SUPPLIED MATERIAL:
========================================================================

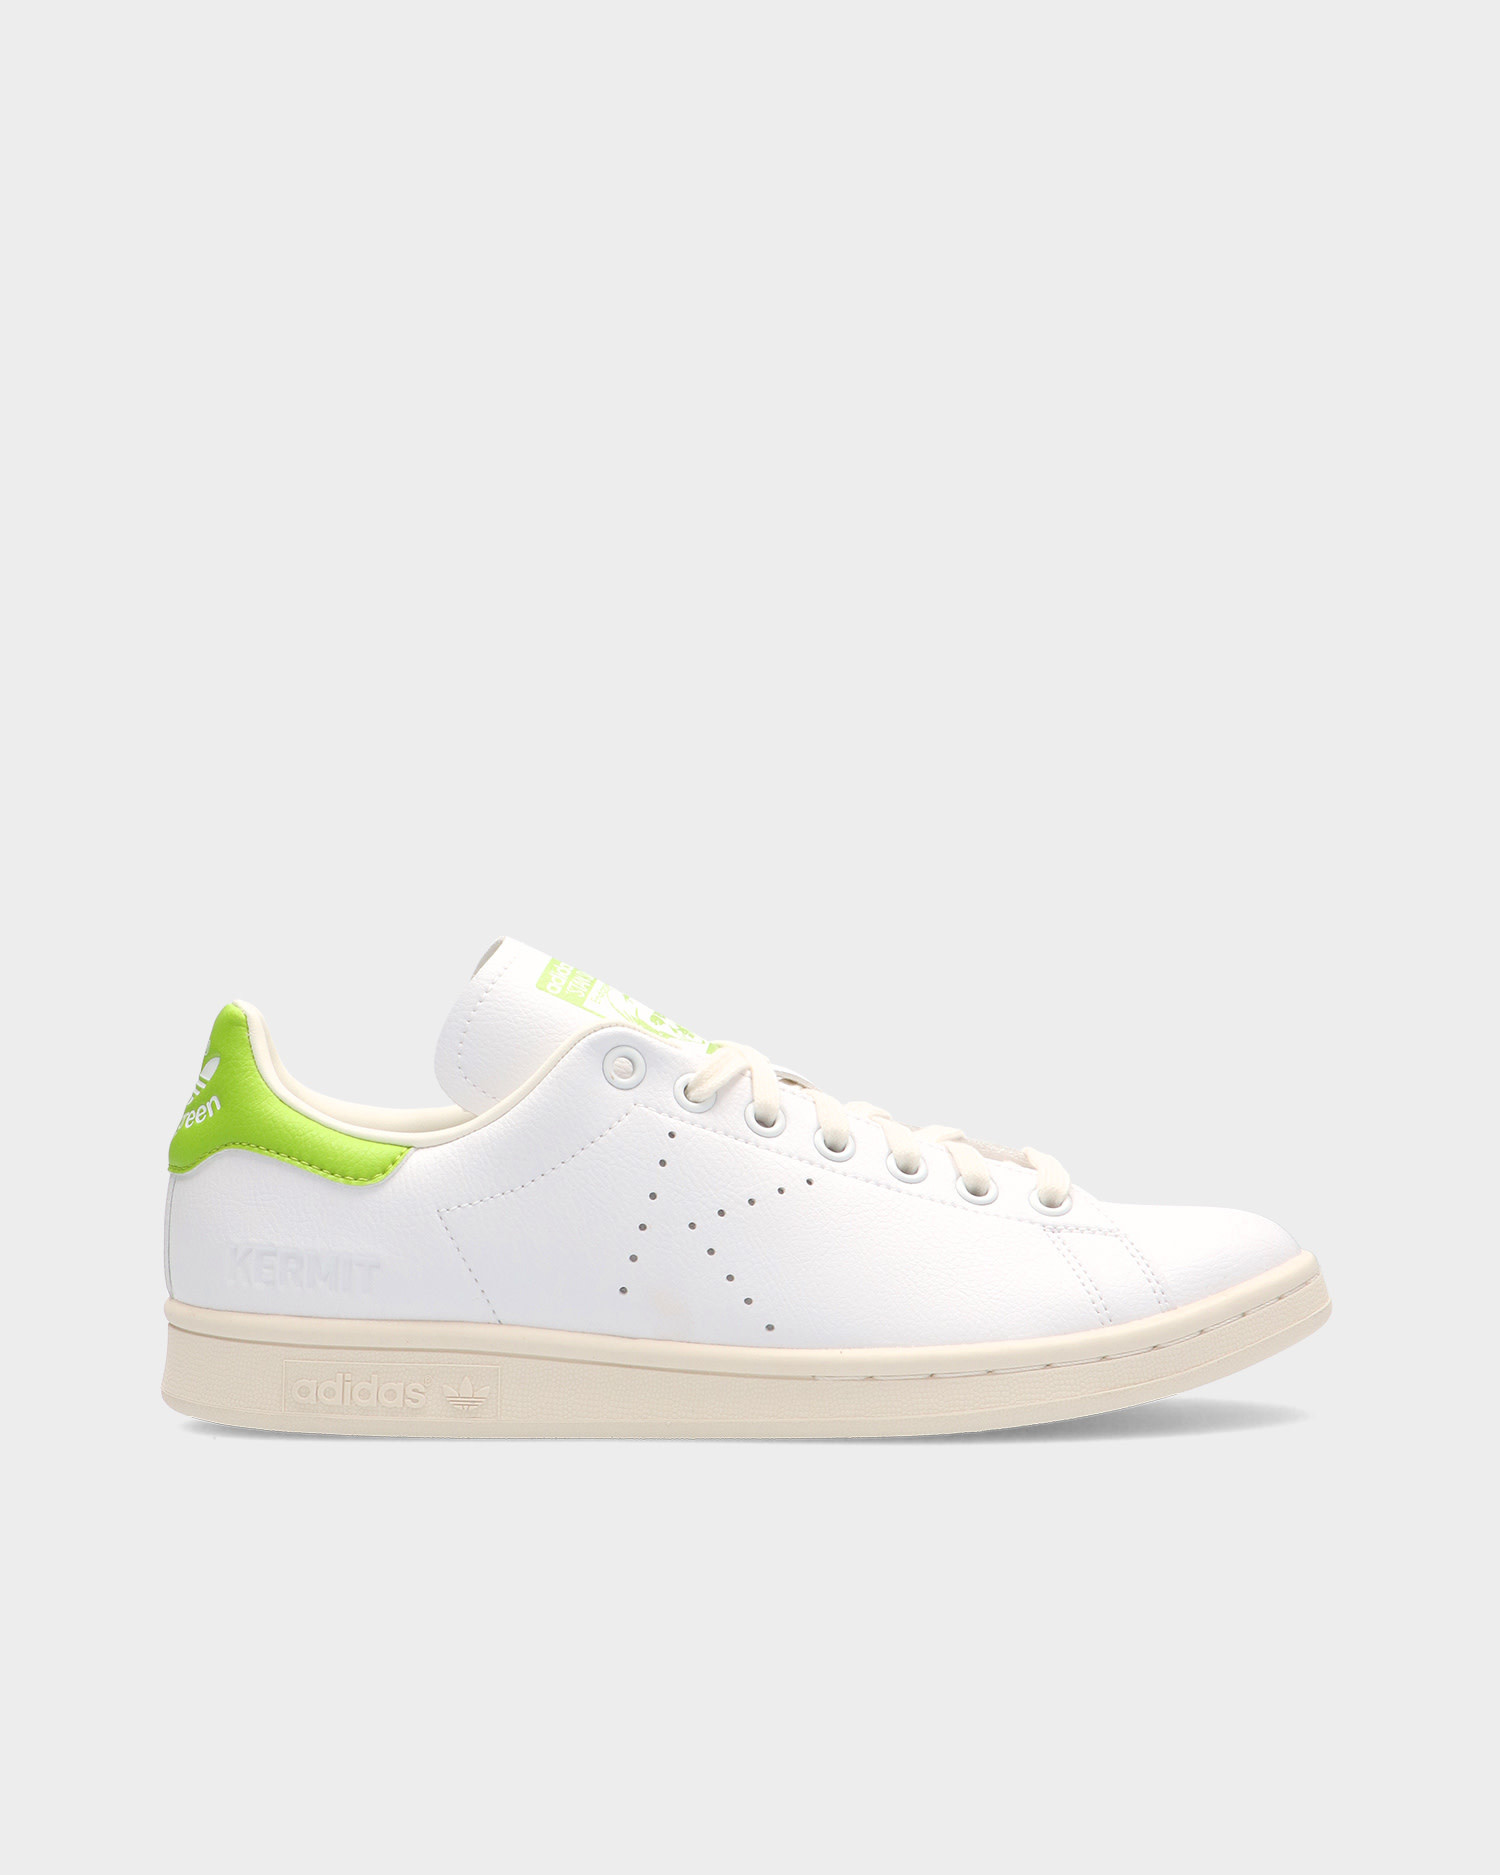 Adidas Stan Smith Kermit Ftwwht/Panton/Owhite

========================================================================

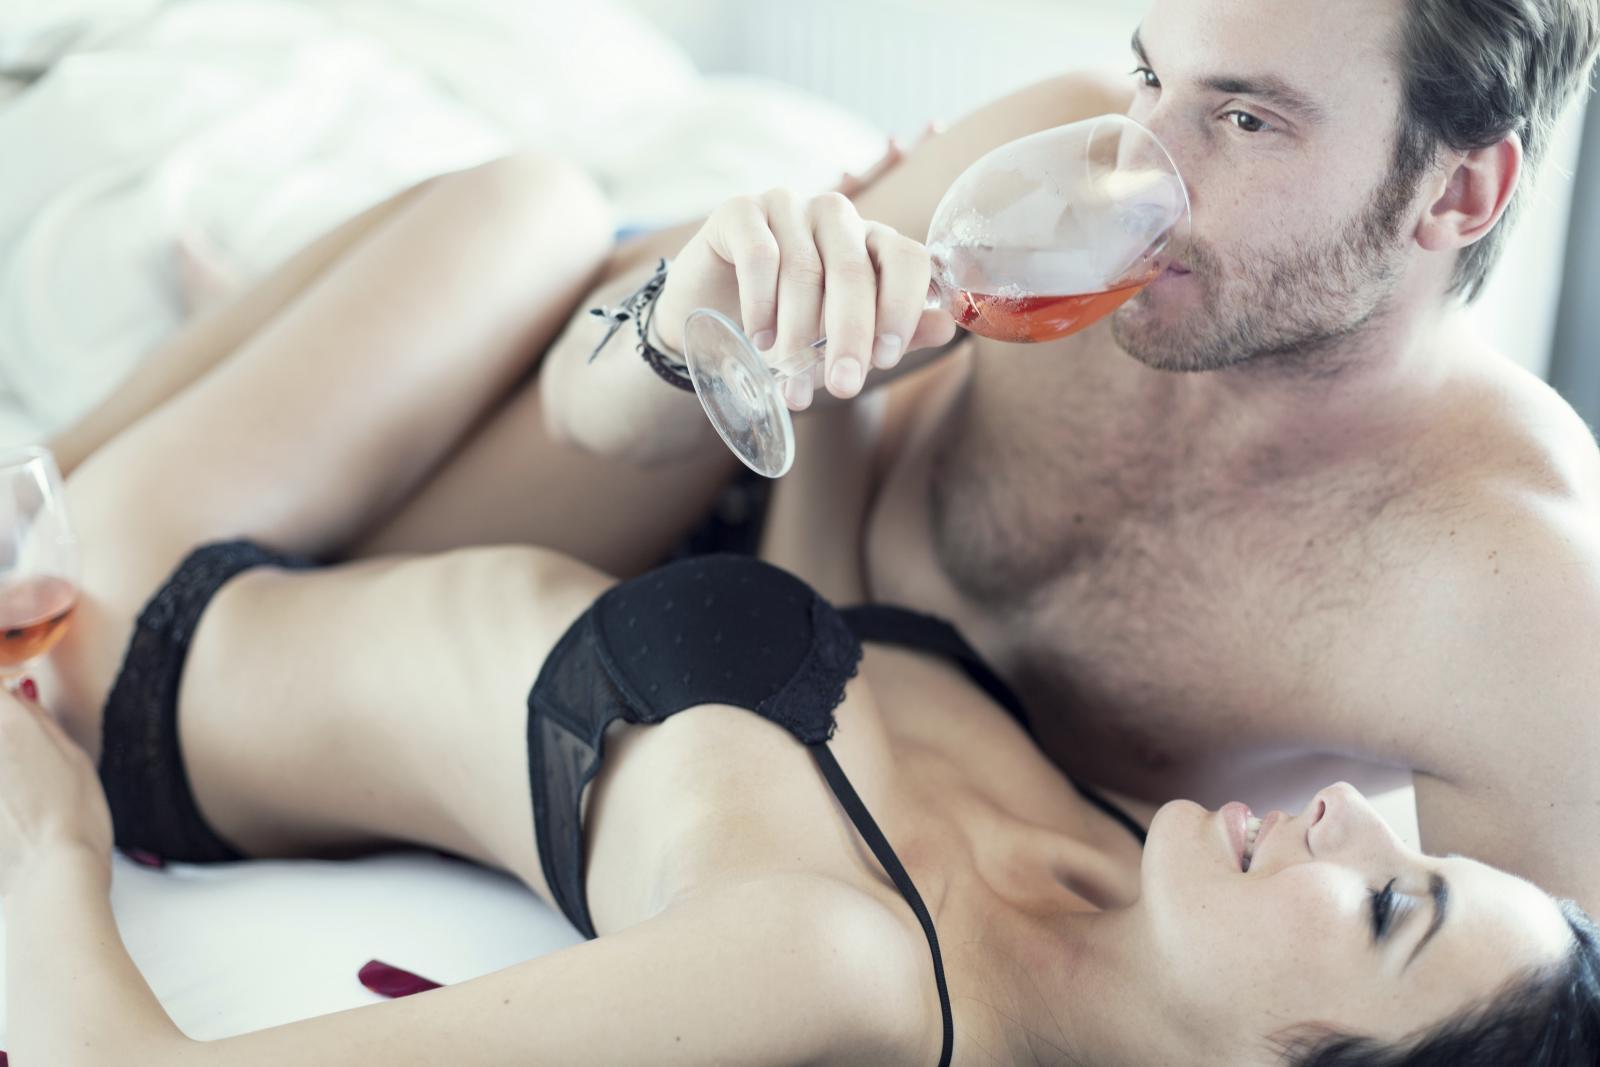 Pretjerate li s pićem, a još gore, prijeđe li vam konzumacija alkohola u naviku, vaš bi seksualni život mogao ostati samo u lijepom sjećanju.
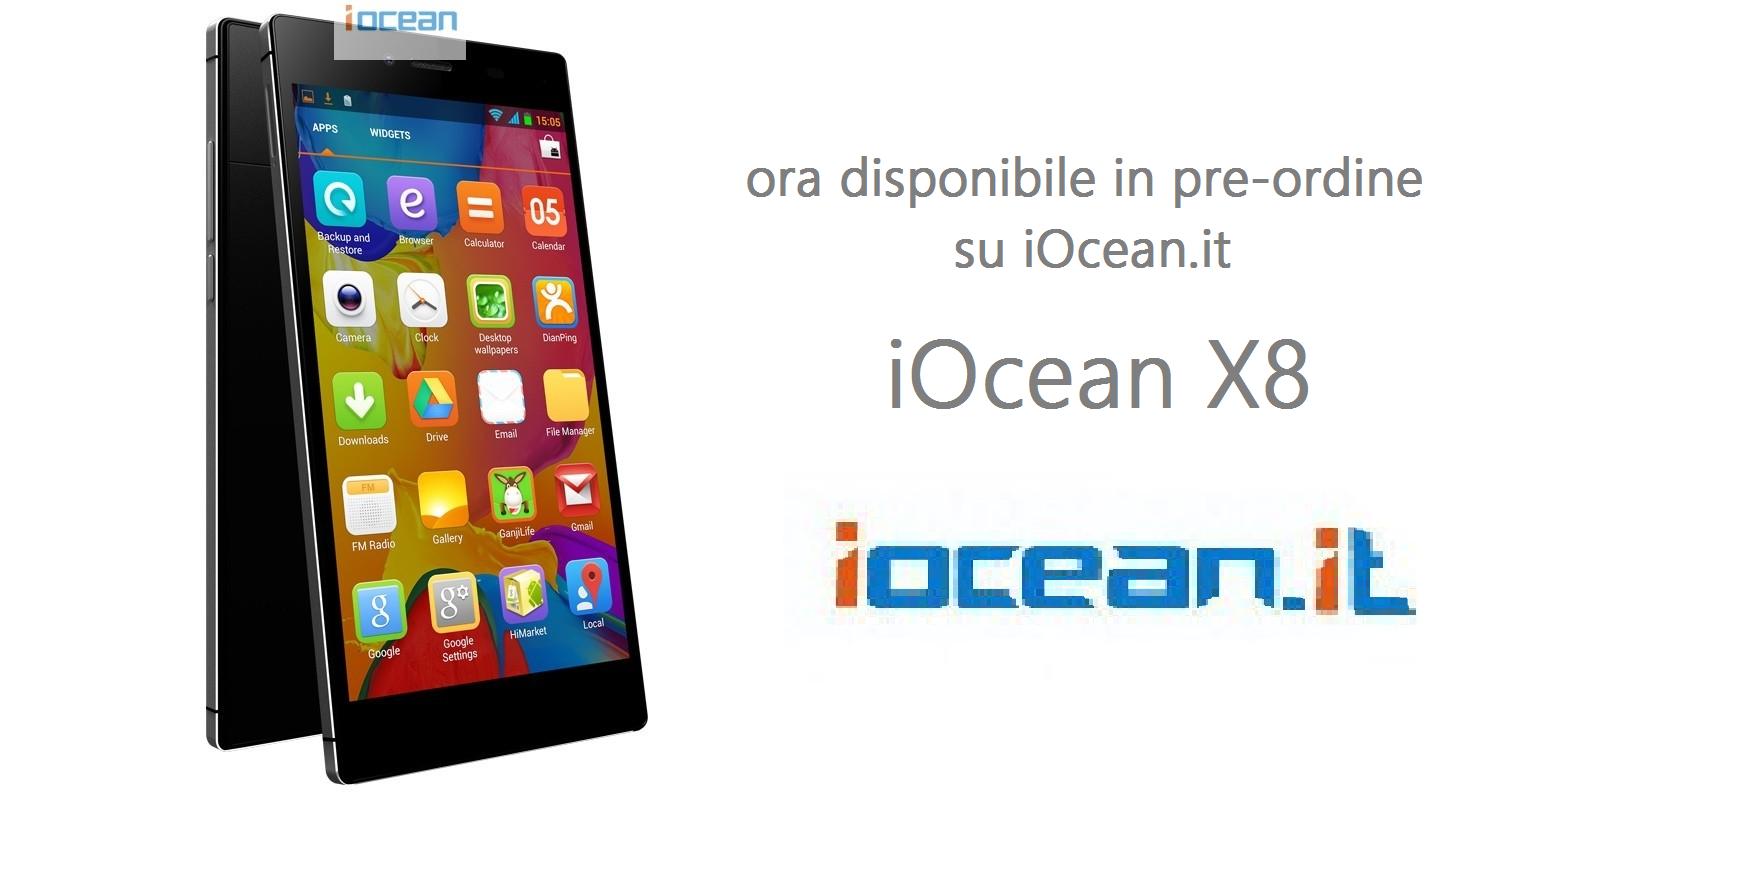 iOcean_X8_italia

========================================================================

WORK TASK: Everything from the line above that contains "Pretjerate li s" down to the line that contains "iOcean_X8_italia" must be reproduced exactly, both ends included. Omit the pictures.

EXERCISE RESPONSE:
 Pretjerate li s pićem, a još gore, prijeđe li vam konzumacija alkohola u naviku, vaš bi seksualni život mogao ostati samo u lijepom sjećanju.
 iOcean_X8_italia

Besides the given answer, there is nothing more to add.